Directions for this task. Repeat exactly, and only, the lines of the entries below from the one with "adidas sb backpack" through the one with "Discoverer STT PRO", both ends included.

Task input.
———

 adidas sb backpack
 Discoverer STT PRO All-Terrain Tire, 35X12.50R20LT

———

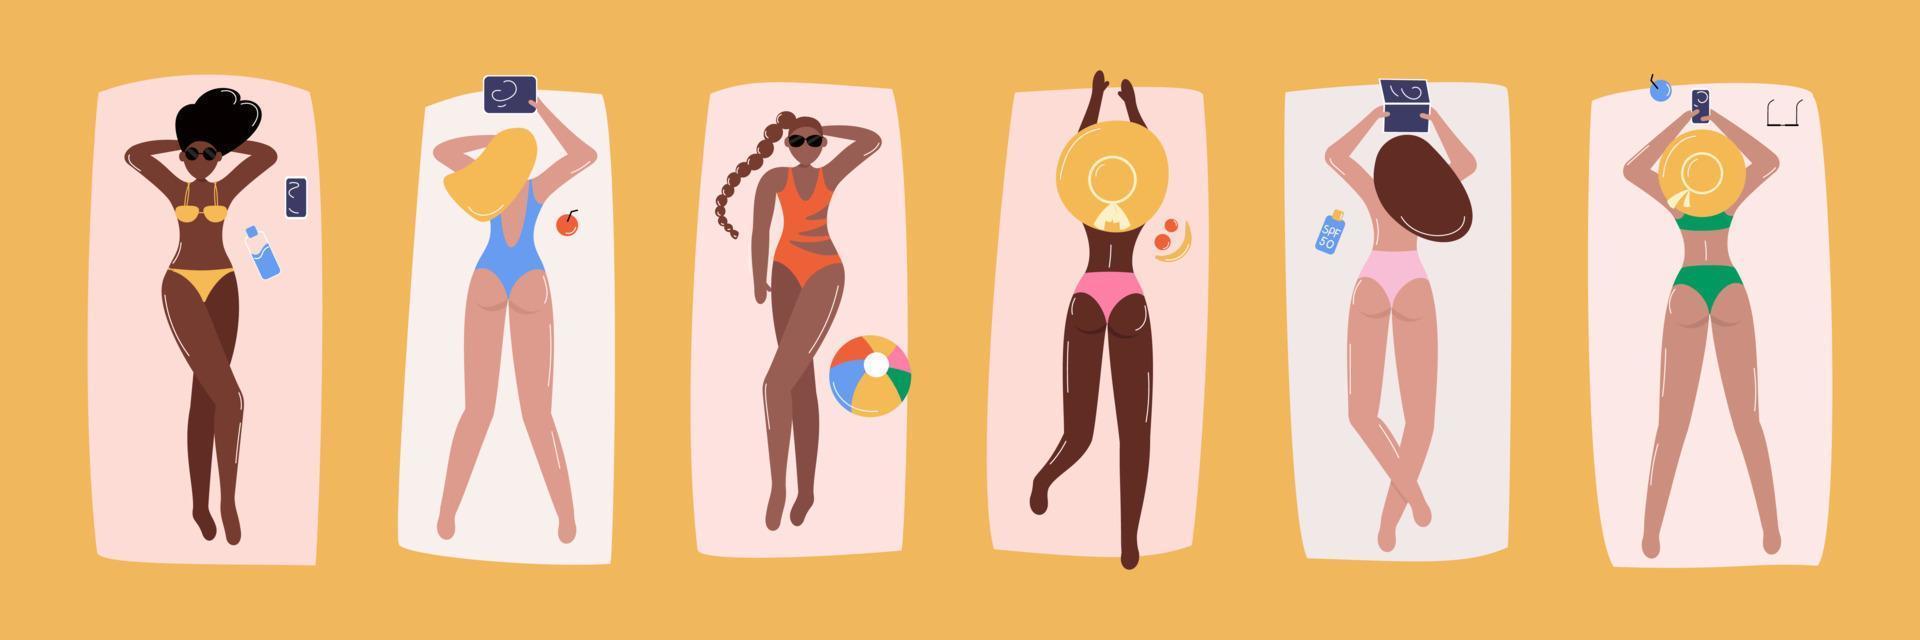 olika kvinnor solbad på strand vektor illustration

———

Exercise response.
 adidas sb backpack
 Discoverer STT PRO All-Terrain Tire, 35X12.50R20LT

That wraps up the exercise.